• DATASET EXCERPT
##########
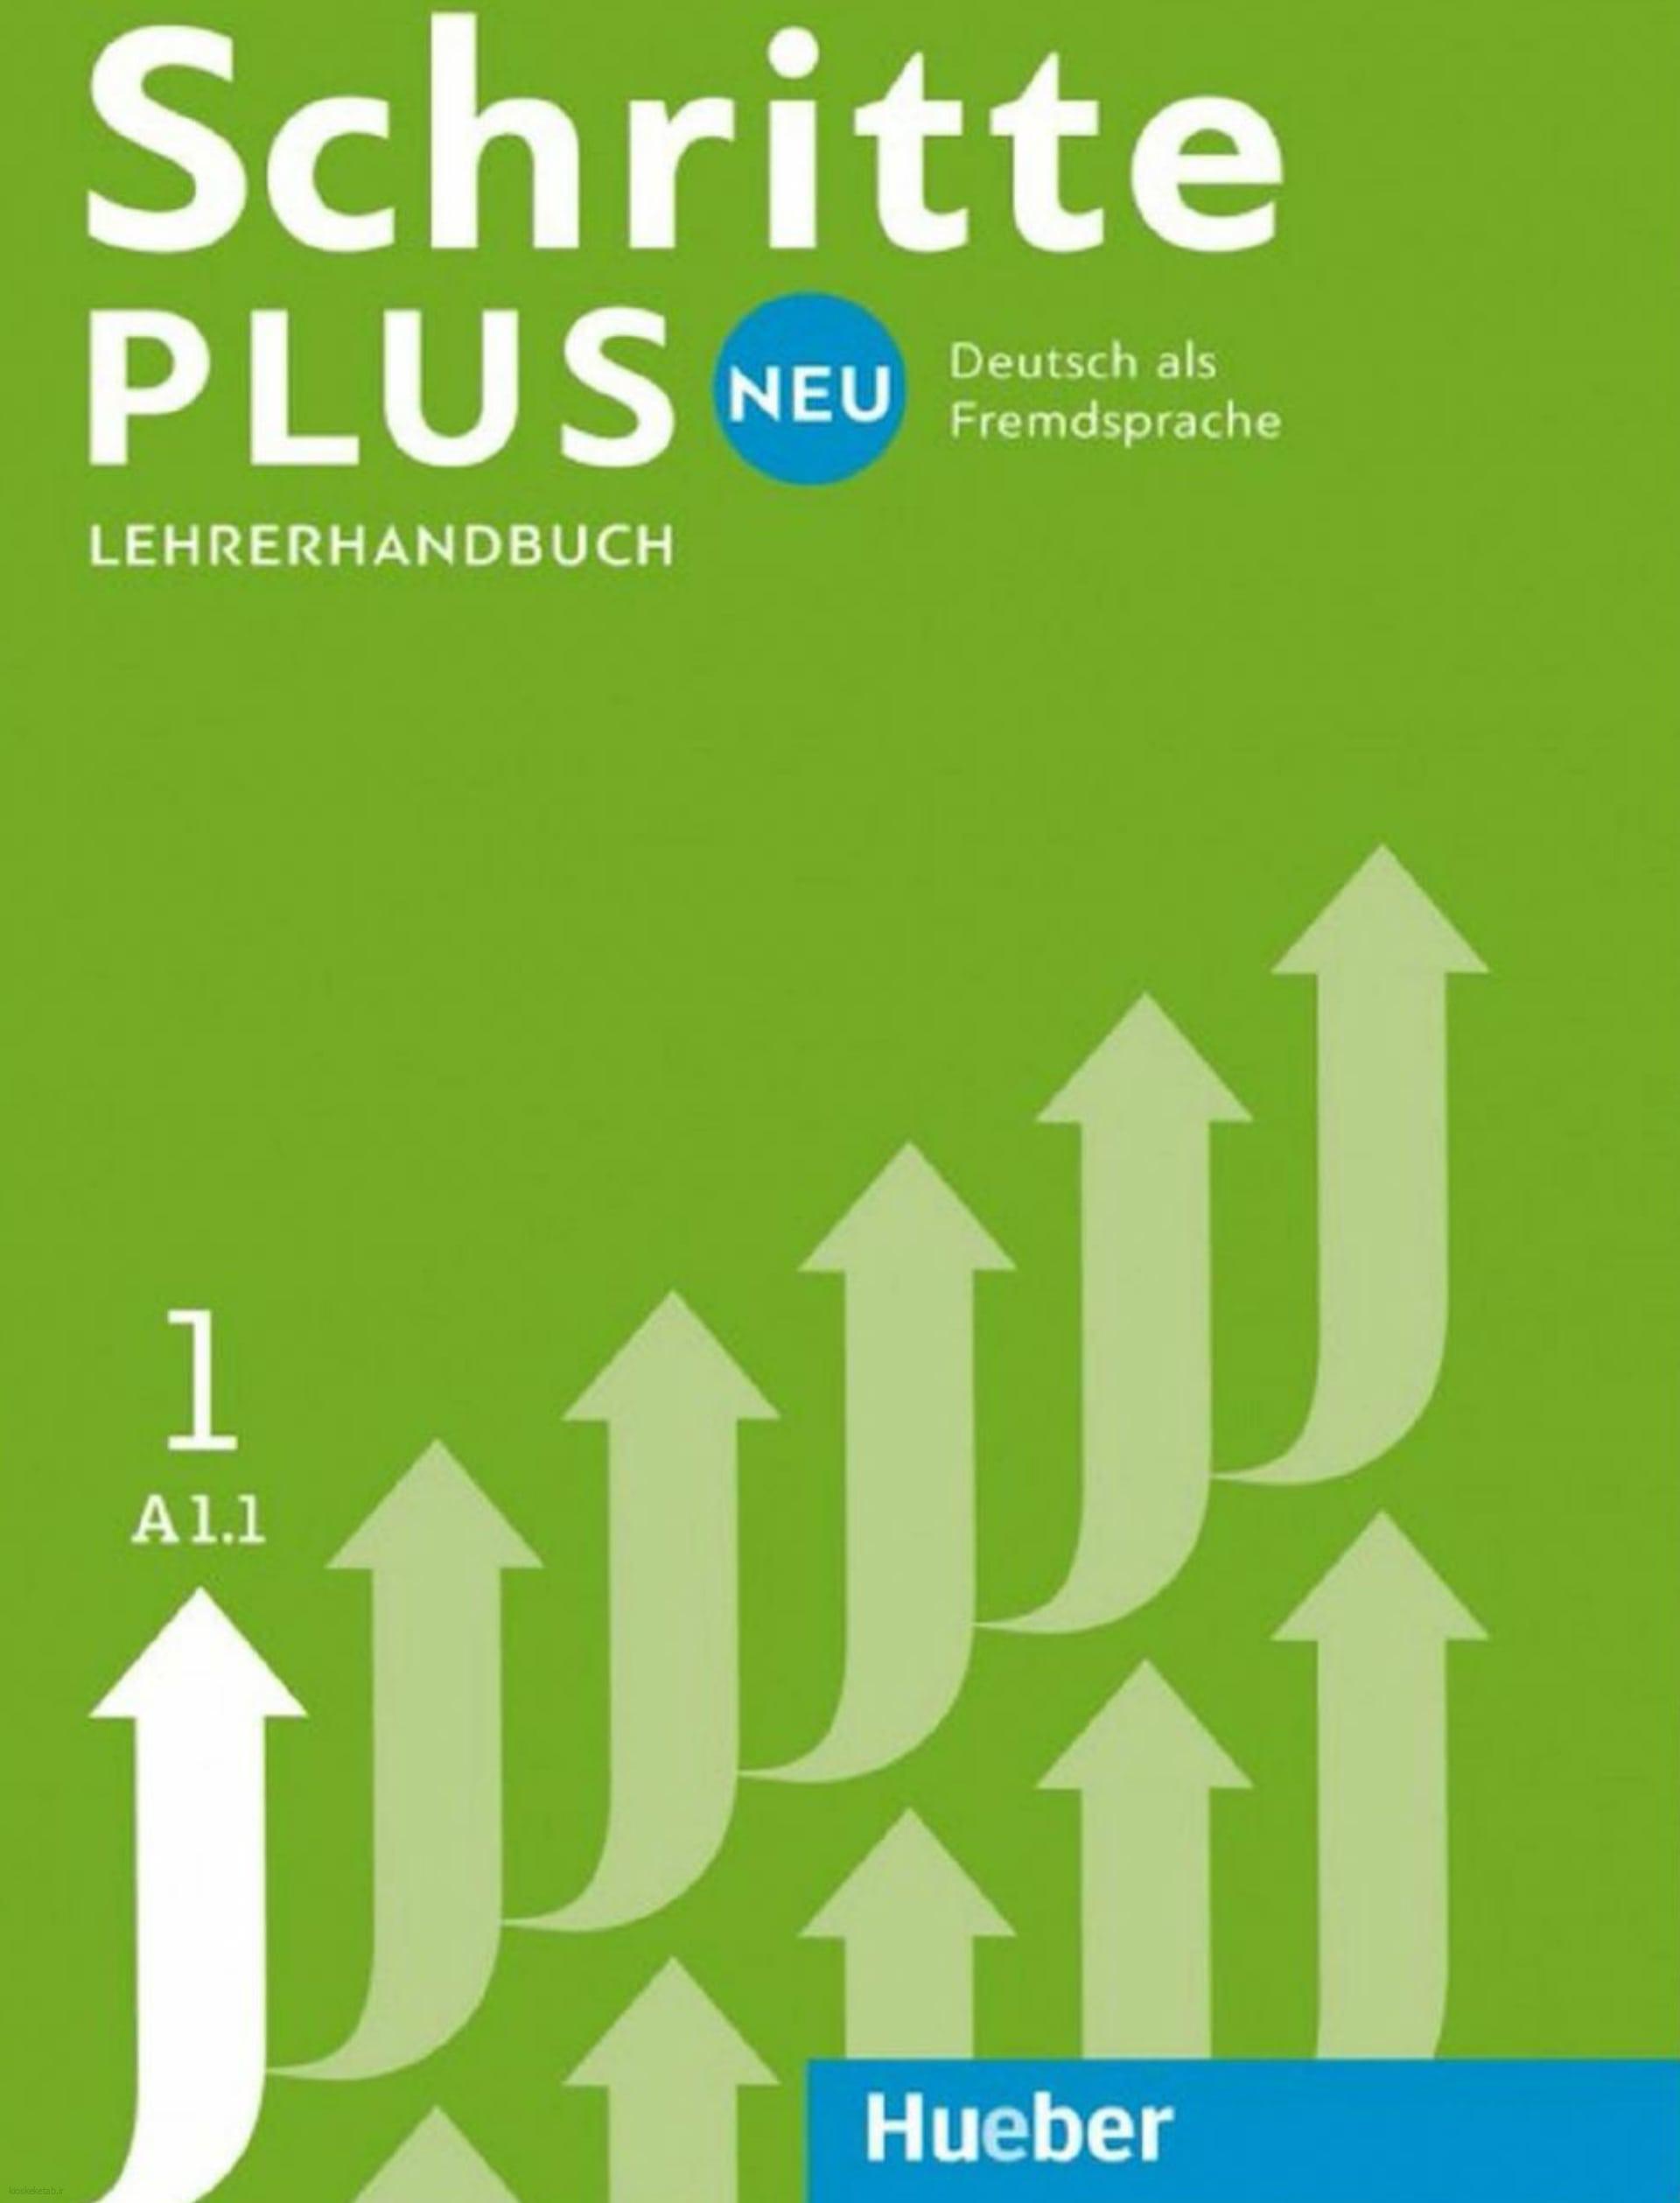 دانلود کتاب آلمانیschritte plus neu a1.1
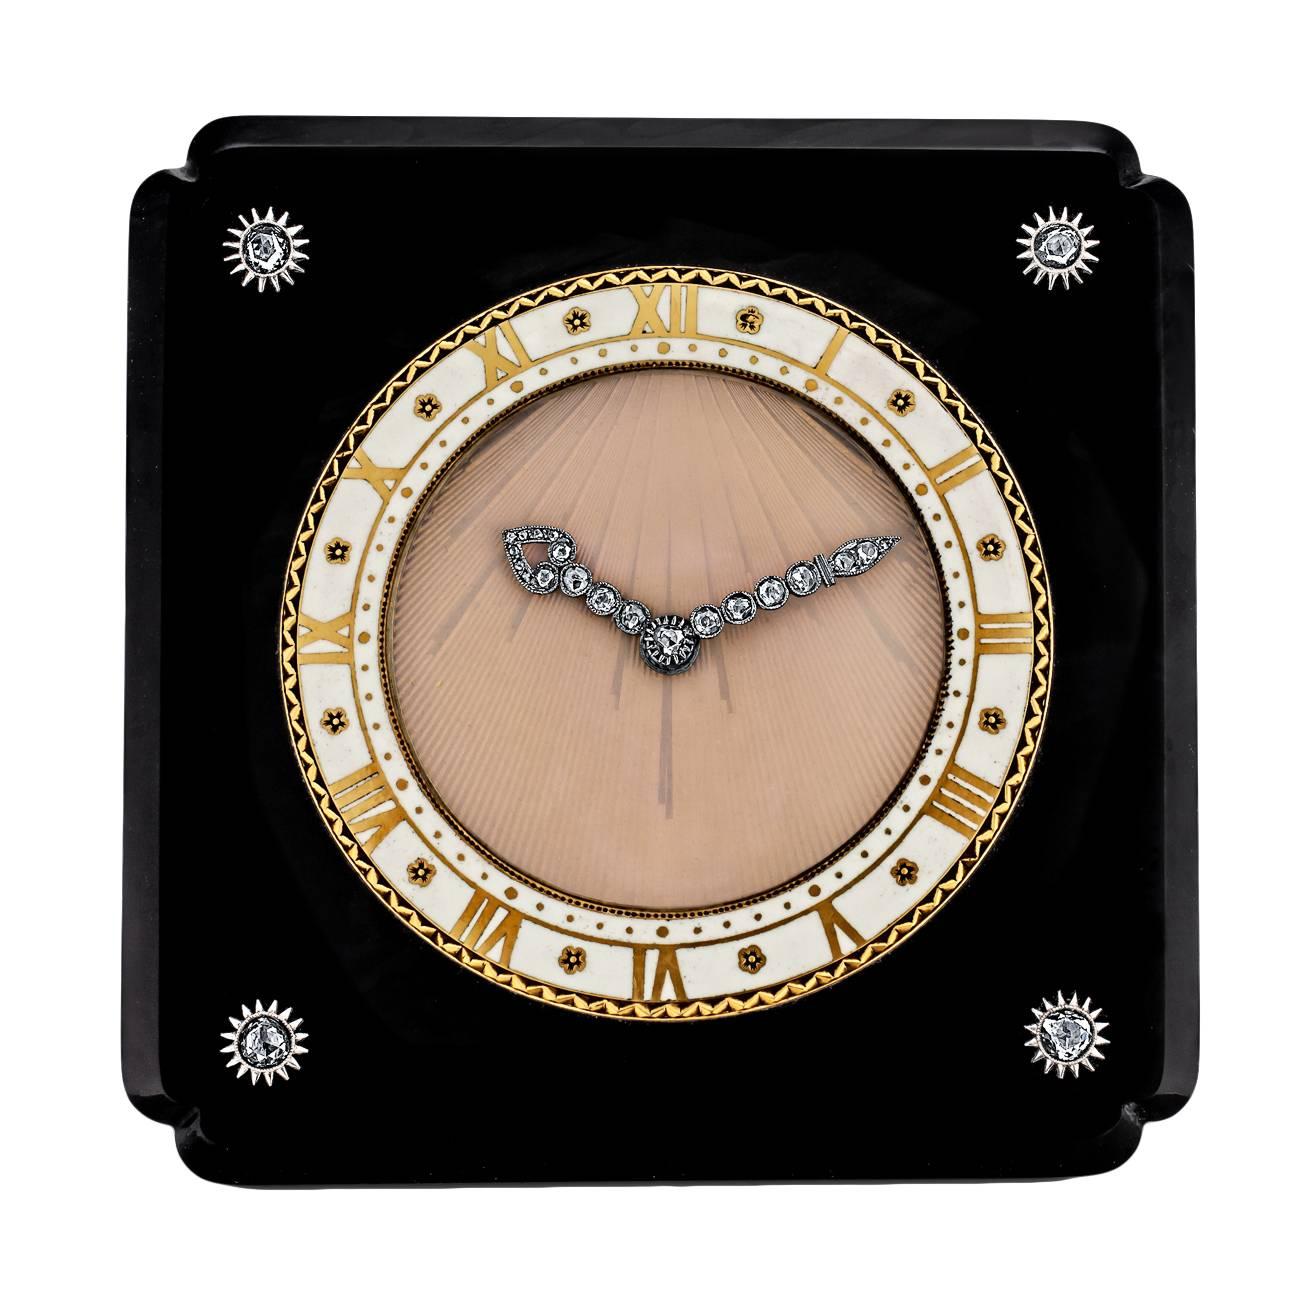 Cartier Important Art Deco Onyx Diamond Desk Clock
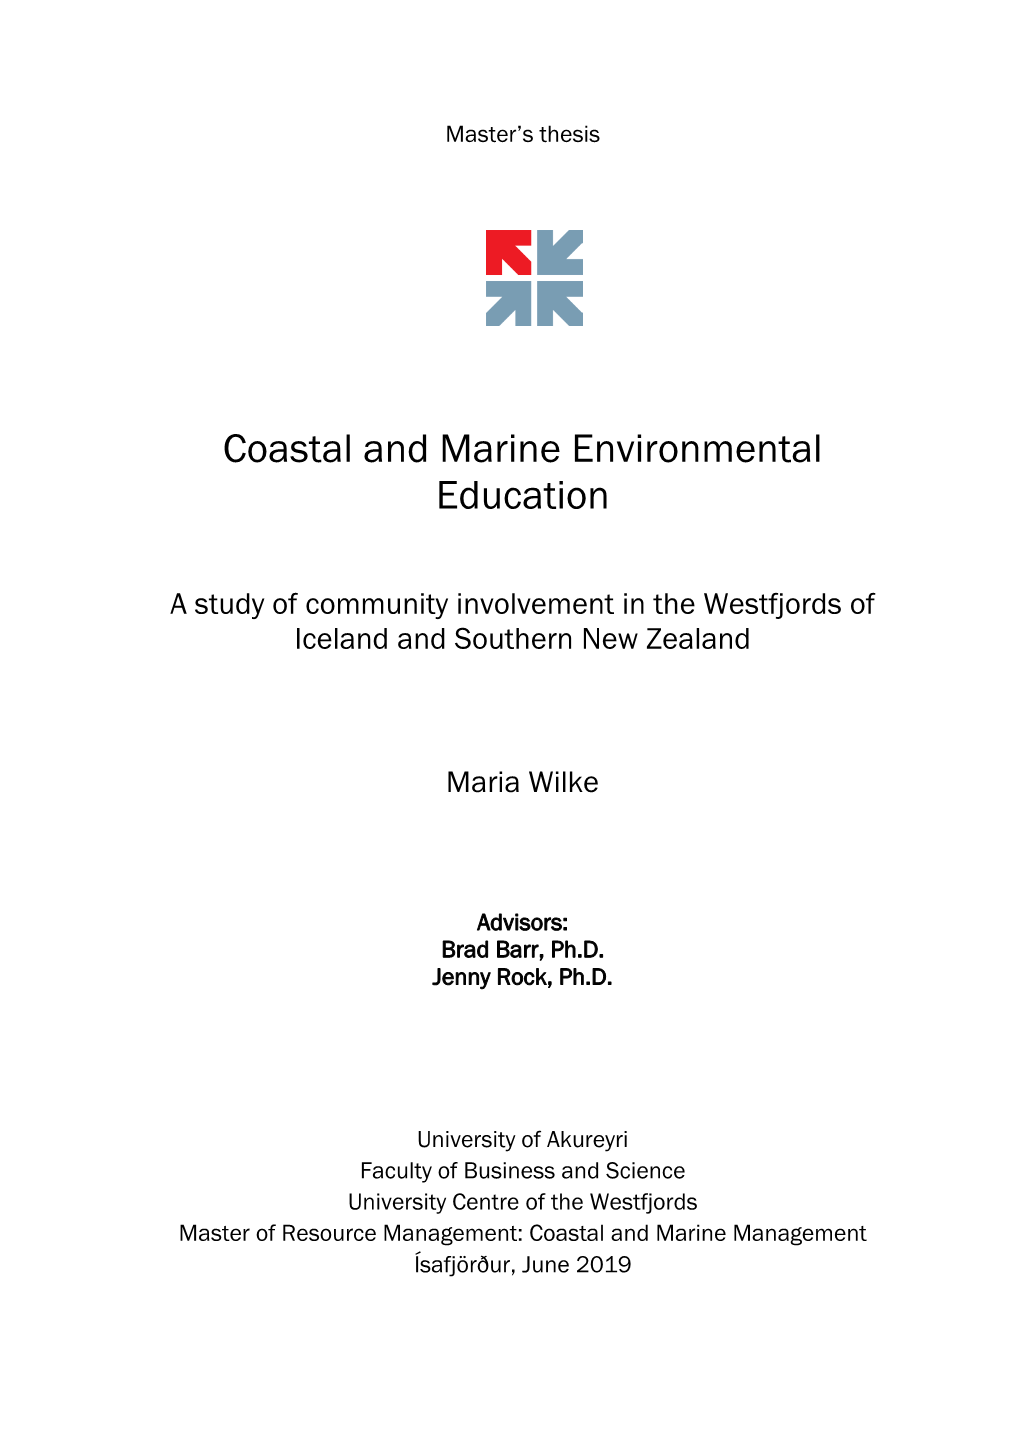 Coastal and Marine Environmental Education
##########
• DIRECTIONS FOR THIS TASK
Set the listing above down again exactly, leaving pictures out.

• OUTPUT OF THE EXERCISE
 دانلود کتاب آلمانیschritte plus neu a1.1
 Cartier Important Art Deco Onyx Diamond Desk Clock
 Coastal and Marine Environmental Education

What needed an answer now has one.